To the Editor:
Re: “SAD: Seasonal Affective Disorder,” Opinion, March 30
In their recent piece on seasonal mood variation at Cornell, the authors present a confusing and evidently uninformed picture of Seasonal Affective Disorder. At times, they are as glib in their discussion on SAD as they are flippant in offering viable strategies to improve mood in the student population.
To be clear, SAD is a clinical subtype of mood disorder that consists of recurrent episodes of major depression occurring with a seasonal pattern. It can take place in either summer or winter and is far from “mild,” as the authors incorrectly state. In fact, to diagnose SAD, one must experience significant occupational and social impairment in addition to symptoms such as depressed mood, lack of energy, increased sleep, increased appetite (notably carbohydrate craving) and weight gain. Treatment includes light therapy and/or antidepressant medication, both of which are equally effective.
There is a broad spectrum of seasonal mood variation, of course. In addition to SAD, mental health professionals recognize a milder but more common variant, subsyndromal seasonal affective disorder (S-SAD). Specifically, a study in 2000 found that five percent of college students met criteria for SAD and another 16 percent for S-SAD. Despite these findings, the majority of students likely experience more fleeting fluctuations in mood, ones that do not qualify them for any specific psychiatric diagnosis.

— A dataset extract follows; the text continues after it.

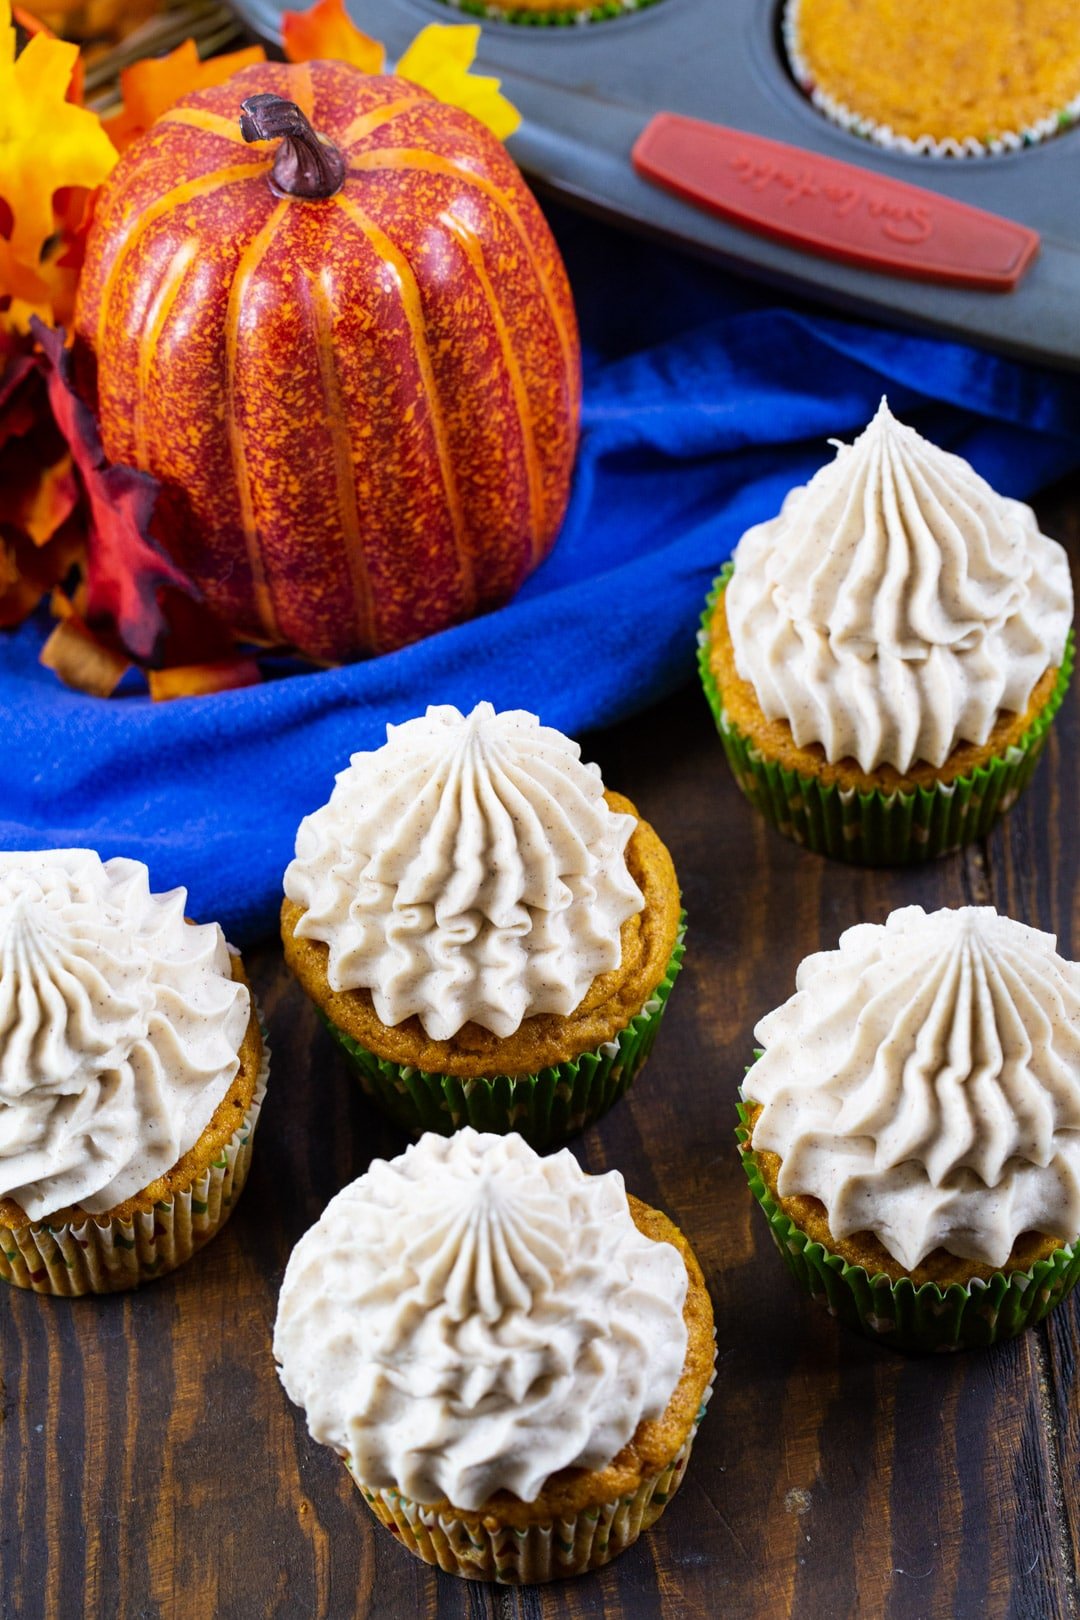 Pumpkin Cupcakes with Cinnamon Cream Cheese Frosting on tabletop with pumpkin.

Although not indicated for medical management, non-diagnosable depressed mood does warrant our attention. Unlike the authors though, I am not confident that additional Slope Days, extended snow days and sanctioned snowball fights are useful tools to combat even the most benign alteration in mood. In contrast, I believe that recent initiatives such as discouraging homework assignments over spring break represent a more insightful — and possibly effective — means by which to implement meaningful change.
As a former Cornell undergraduate, I appreciate the authors’ attempt to establish a sense of camaraderie that mutual commiseration can frequently provide. Nonetheless, a sincere discussion of bona fide mental health disorders demands our sensitivity and requires intelligent, well-informed dialogue. Our fellow students deserve that.